Once materials have been created in open formats with open source tools it will be easier to tailor the curation process to one's specific needs. A clear understanding can be established of how a digital object was created and structured. In the long-term if digital objects are obtained with no available rendering software, it should be fairly easy to recreate or reuse the digital object provided that the source code has been archived and is sufficiently well documented.

I'm a data re-user; how will open source affect me?

Most immediately, the transparency that characterises the OSS model is of great benefit. In order to effectively reuse or access a digital resource in the future, understanding a program is a great facilitator, and this can be more easily done with full access to the source code. In the long-term open source file formats will greatly enhance accessibility to data.

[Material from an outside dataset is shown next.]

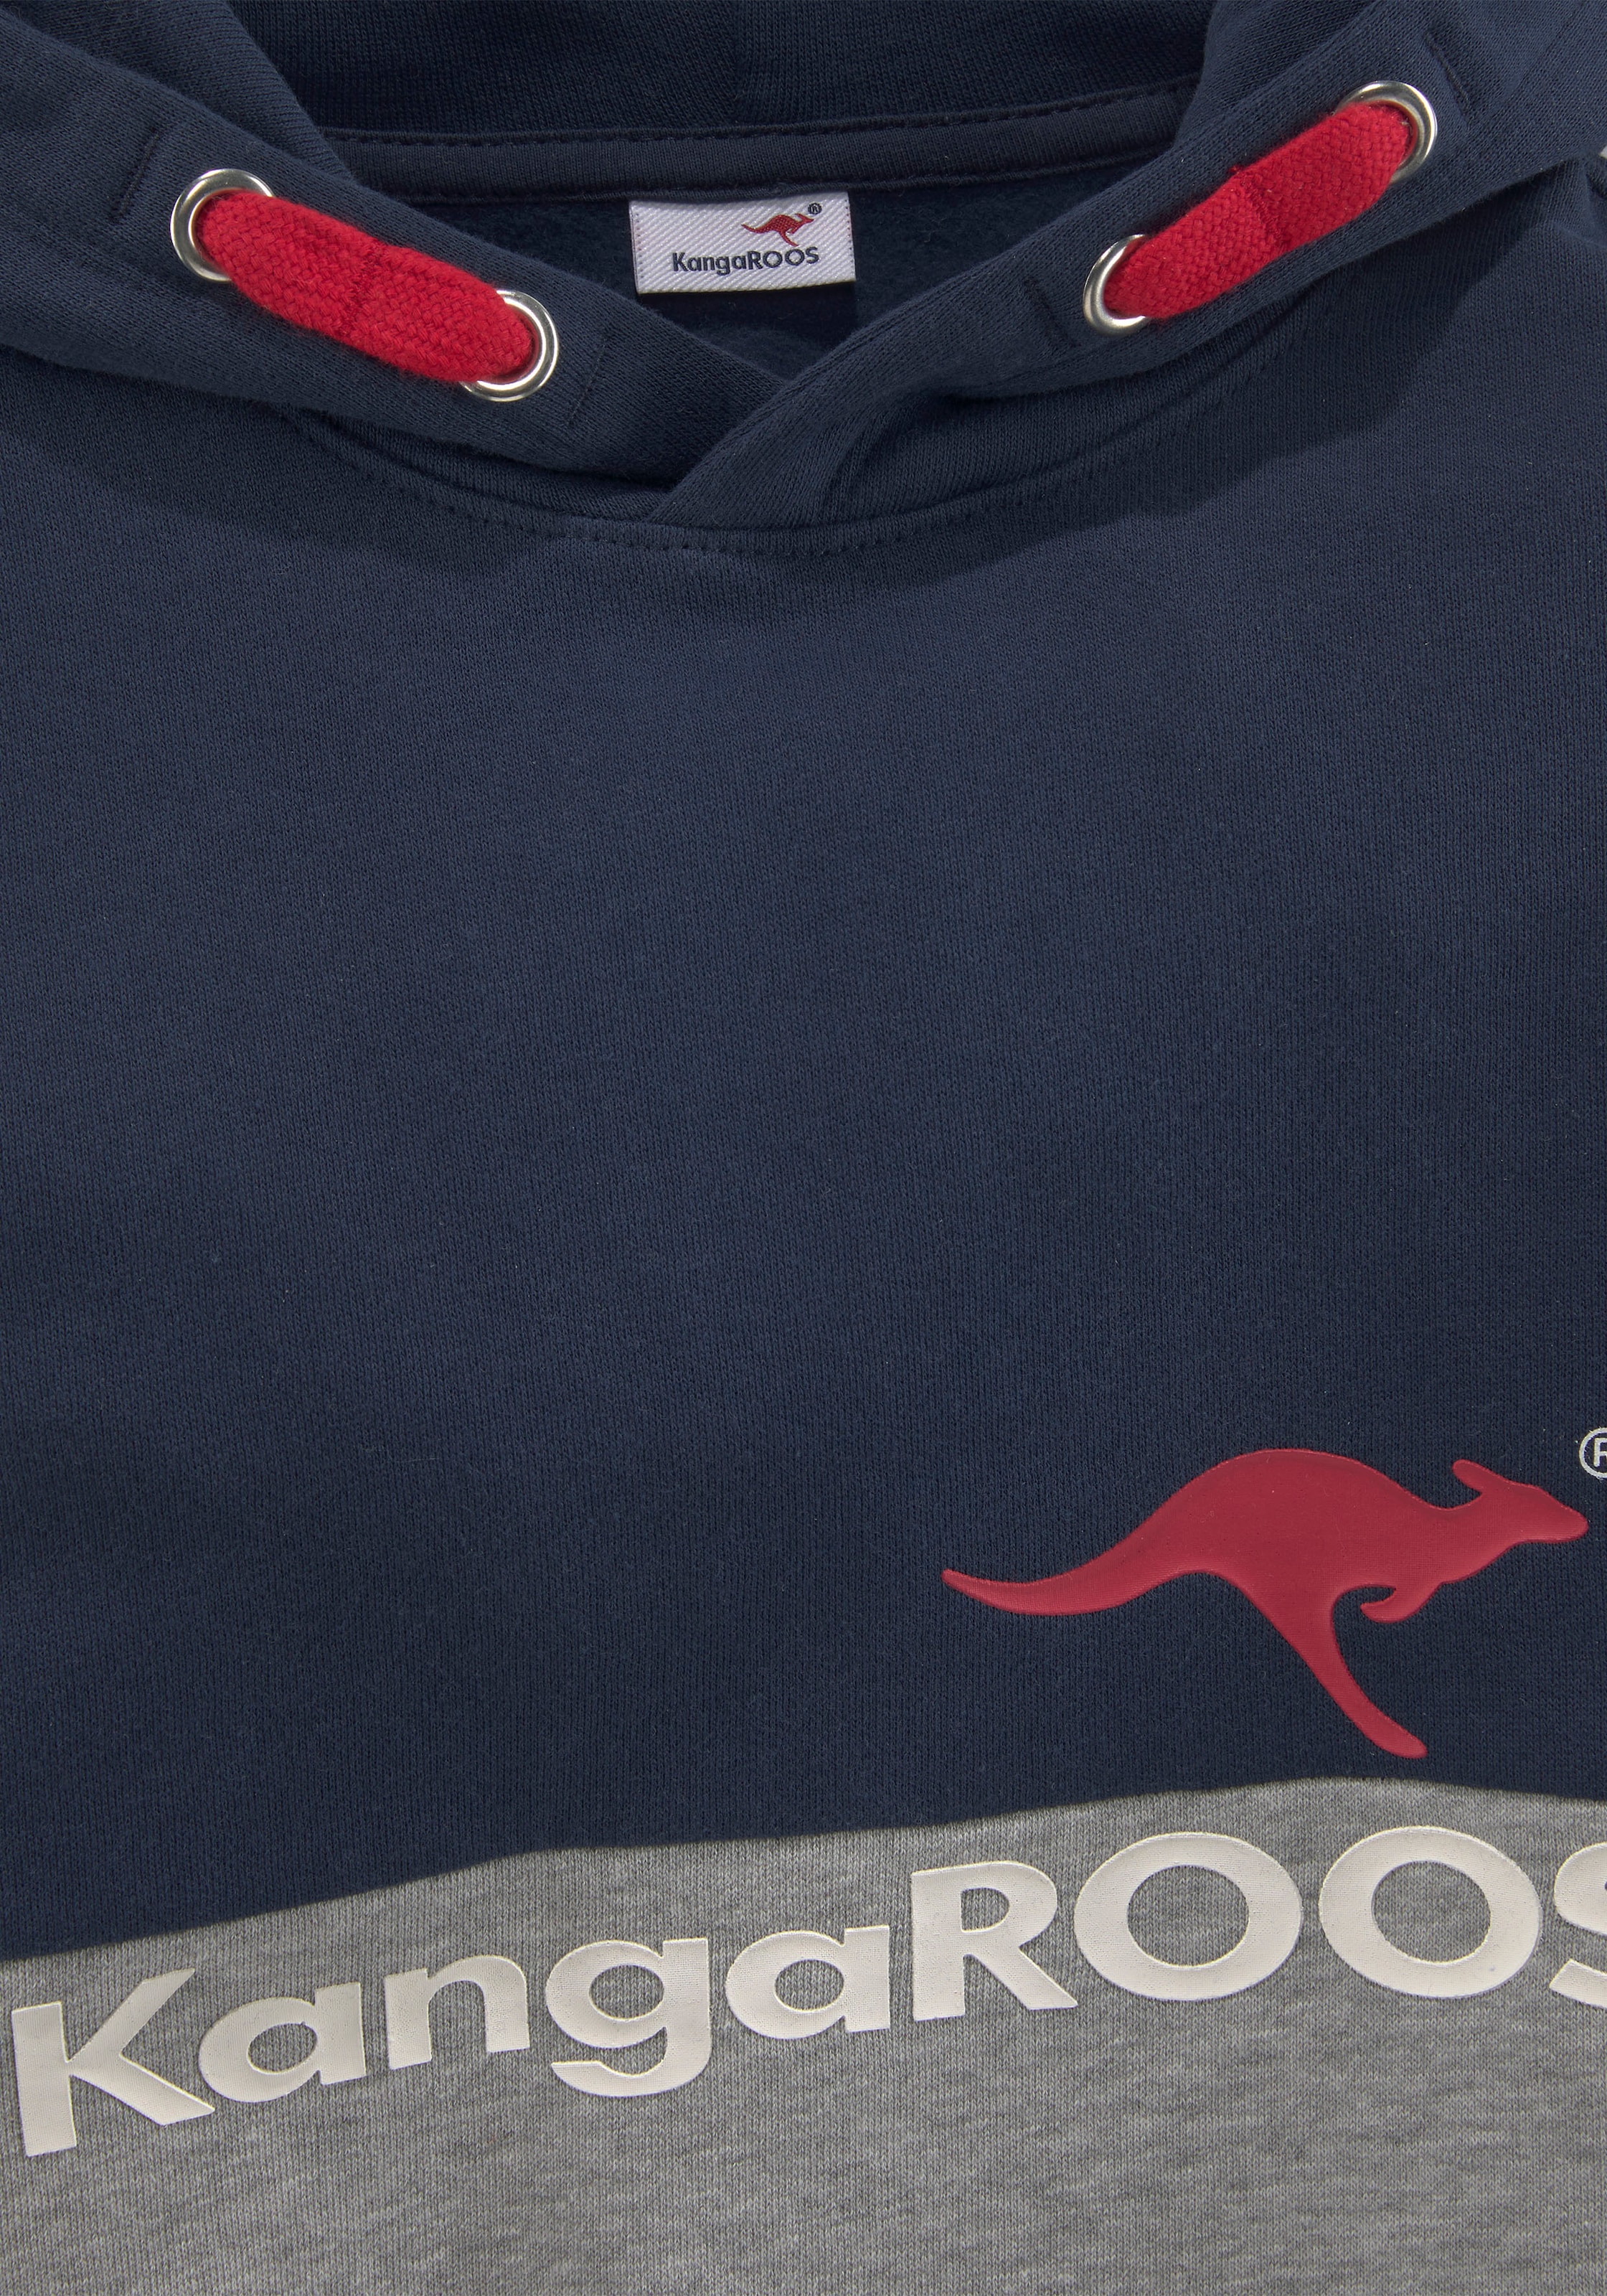 ♕ zweifarbig Kapuzensweatshirt, mit KangaROOS bei Logodruck

Being dependent on commercial or proprietary software may well restrict access as one will need to obtain the exact same software in order to read particular file formats, and the software, or the company that created it may no longer be around.

Does open source come with any licensing at all?

The open source community recognises a range of individual off-the-shelf open source licenses. In order to qualify, a license must satisfy the open source definition, and offer users the right to freely obtain, use, reuse and distribute licensed code. Some go further, adding what's known as a copyleft clause that stipulates that any subsequent, derivative code must be released under the same open license. Nothing in the open source definition compels distributors to release software for no fee, but anyone who acquires the software may redistribute as widely as they wish without remuneration.

Can I be sure that the open source software will always be maintained and have full functionality?

Provided that the software is both open source and available then it will be possible for any other party to step in and take over the maintenance and development of a particular software project. Proprietary software on the other hand offers few assurances of on-going maintenance, and commercial licenses usually absolve distributors of all responsibility if the software goes wrong.

Does the open source approach have any drawbacks?

The problems associated with open source are well documented by its opponents. Some of the most common include.

What is the future of open source?

Currently, the wide scale adoption of open source software and open formats remains, in comparison with proprietary alternatives, is rather low. The follow-the-crowd mentality is a reasonable strategy for ensuring the longevity of one's resources: if there are enough people with a vested interest in continued support for a particular software product then there are attractive profits to be made by commercial companies from ensuring it remains available.